About this exercise: Print, in exact form, the lines below from the one containing "yamaha hph mt5" through the one containing "acne skin care", and omit all others.

Provided records:
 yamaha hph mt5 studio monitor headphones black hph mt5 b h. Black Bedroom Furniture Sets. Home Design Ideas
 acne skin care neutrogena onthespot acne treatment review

--

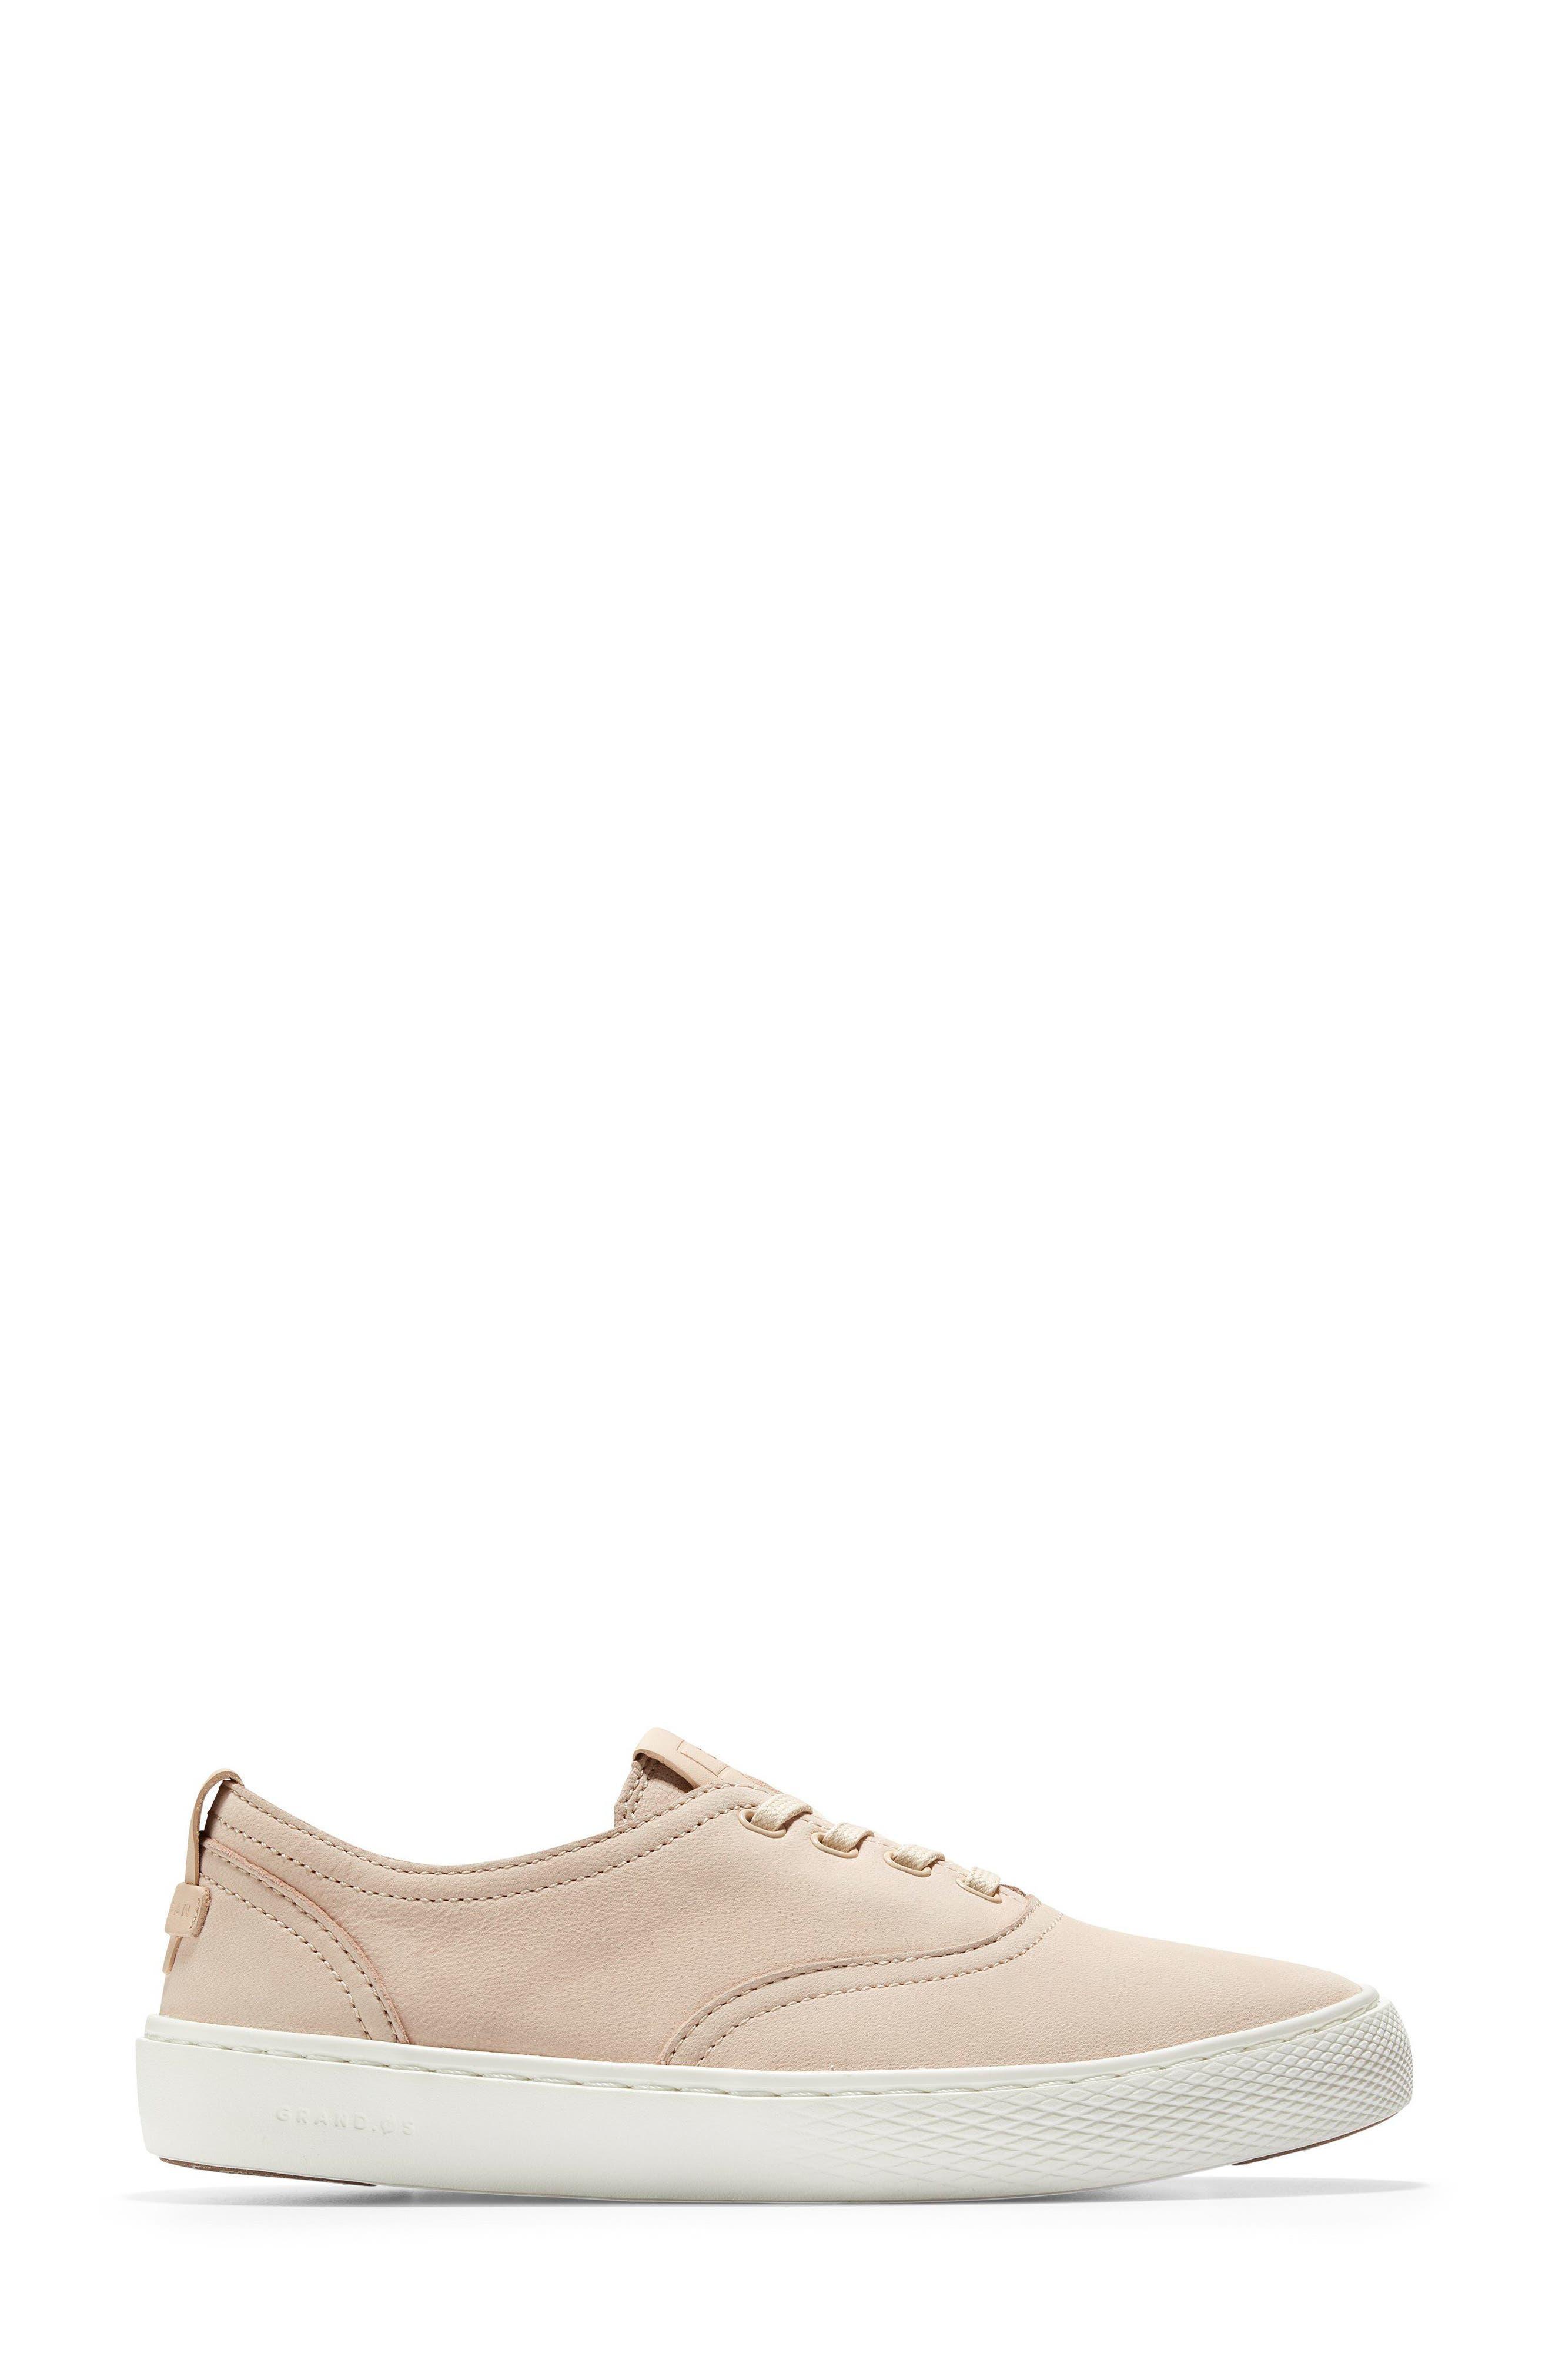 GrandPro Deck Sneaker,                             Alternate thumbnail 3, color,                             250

---

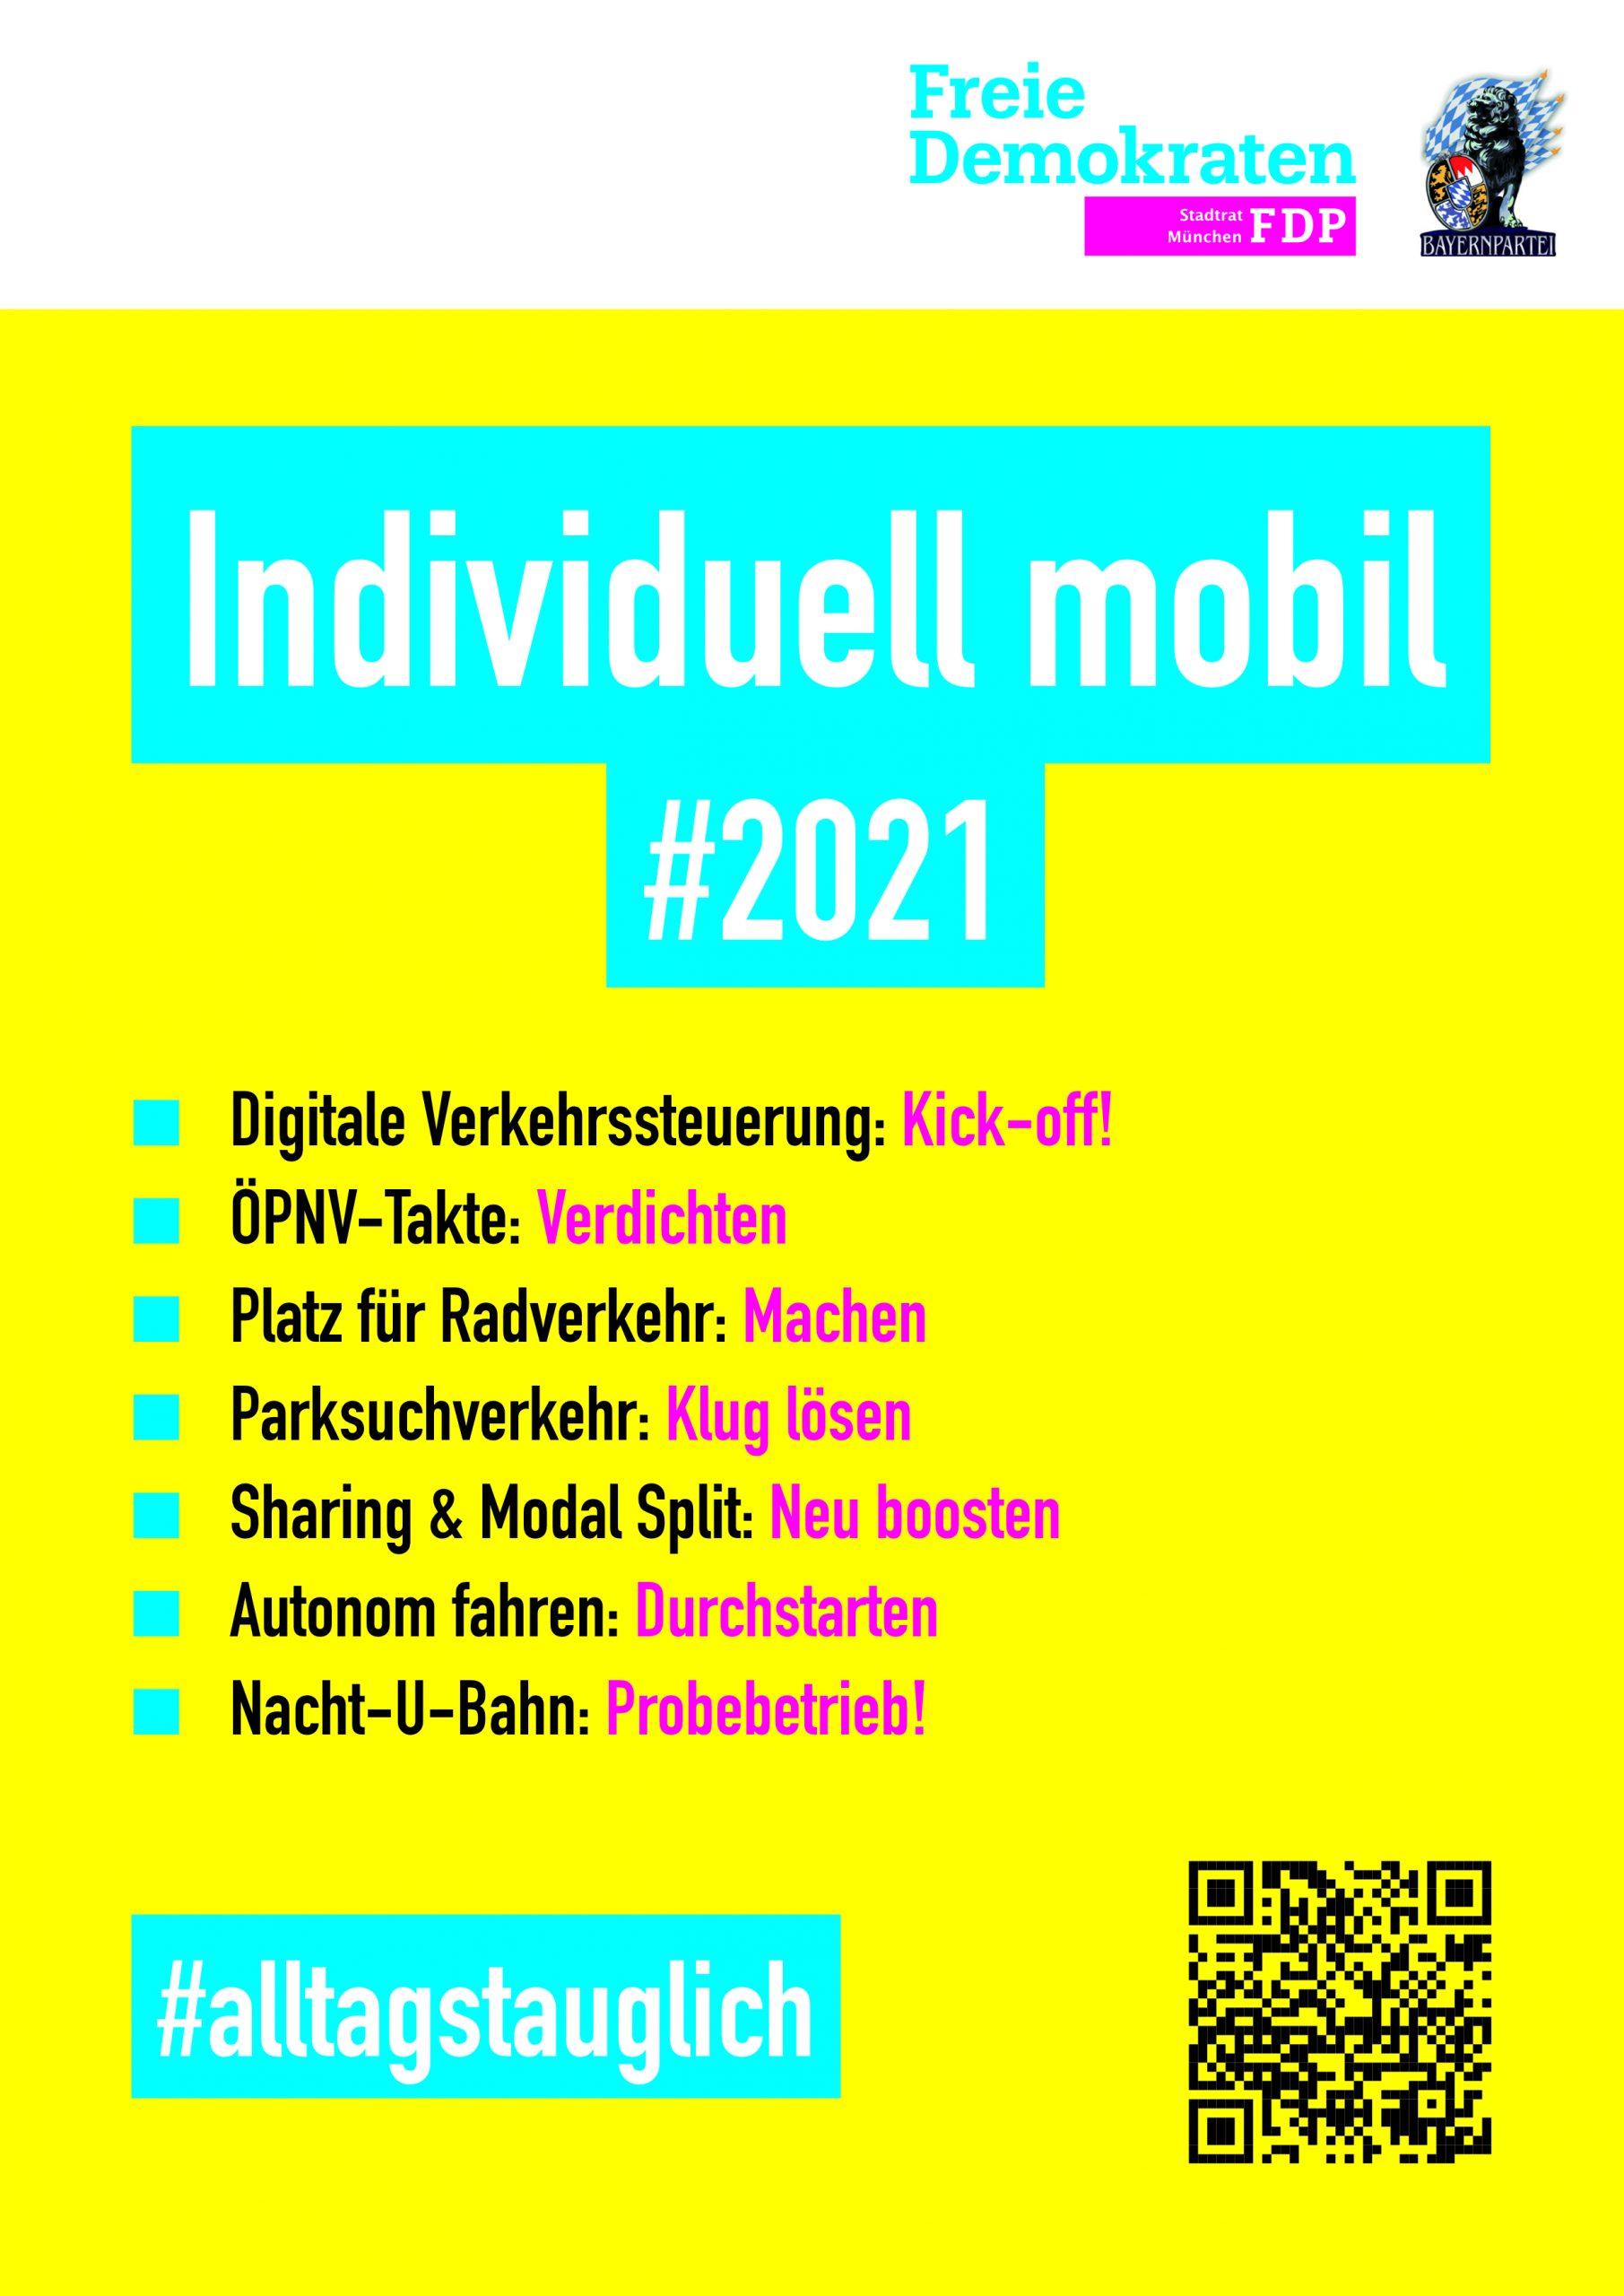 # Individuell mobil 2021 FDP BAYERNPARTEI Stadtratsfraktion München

Solution below:
 yamaha hph mt5 studio monitor headphones black hph mt5 b h. Black Bedroom Furniture Sets. Home Design Ideas
 acne skin care neutrogena onthespot acne treatment review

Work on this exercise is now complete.